It allows the Ombudsman to delegate its functions under the Freedom of Information Act and, again, that is an administrative measure. It inserts a presumption to schedule 1 that it is against the public interest to disclose information in possession of a court or tribunal unless that information is administrative in nature. It applies the presumption against disclosure of adoption records to the person whom the information is about. It defends the operation of the presumption against disclosure applying to mandatory reporting under the Children and Young People Act 2008 to include voluntary reports. It inserts a presumption into schedule 1 that it is against the public interest to disclose information that is in the possession of the ACT Ombudsman relating to the Ombudsman’s role under the reportable conduct scheme. And it makes the principal registrar a principal officer for all ACT courts and the ACT Civil and Administrative Tribunals, ACAT. While any of those seem reasonable, and certainly they do individually—and I am not suggesting otherwise—it is the cumulative effect that we are concerned about, and that we are not seeing that slow degrading of this act from its lofty pre-election principles.

Of particular note is the provision in the explanatory statement referring to an amendment to omit a criminal offence. This clause omits section 91 which makes it a criminal offence for a person to engage in conduct with the intention of preventing disclosure of government information where that disclosure would or could reasonably be expected to be required under the Freedom of Information Act.
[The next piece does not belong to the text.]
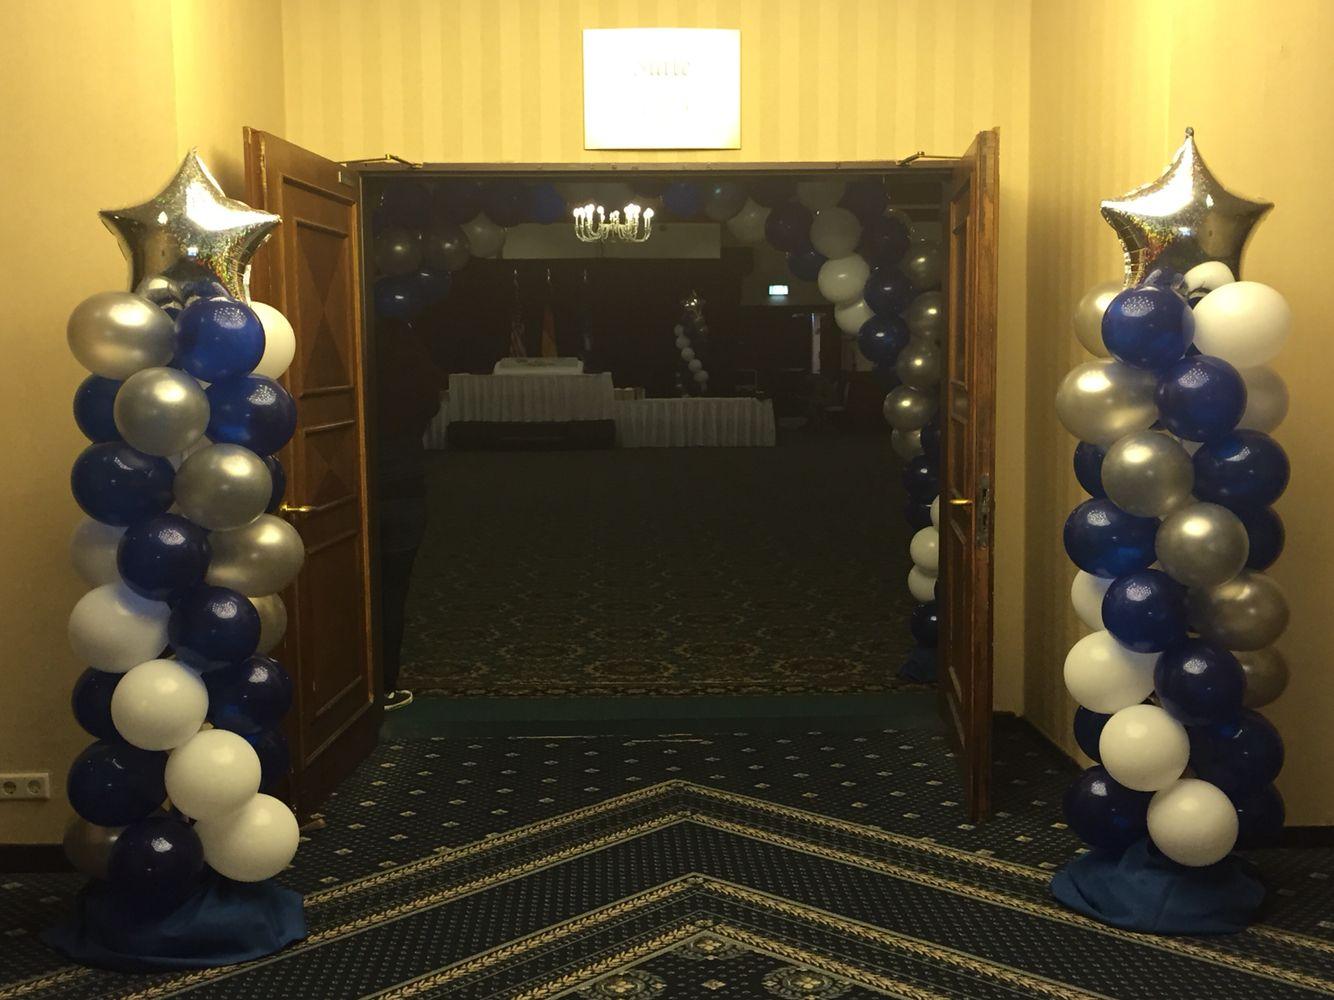 White, blue, and silver balloon columns Dallas cowboys

This could be considered more than just a minor change.

In the briefing with the government that my staff were engaged in, the government stated this provision as it exists is too harsh and would have an adverse effect on public servants who may deal with the threat of criminal prosecution in ambiguous situations by not acting at all and refusing to be put into this role. That is largely because it is a matter of whether the act of the public servant who would be potentially subject to this criminal prosecution were malicious or not. And there are elements of the bill that actually deal with this and cover unscrupulous behaviour, such as knowingly making a decision contrary to the Freedom of Information Act. Certainly we do not want a situation where a well-meaning public servant has either omitted information or included information, acting with best intent, but is found to be in breach of the act and then is subject to criminal prosecution. We would not want that to happen.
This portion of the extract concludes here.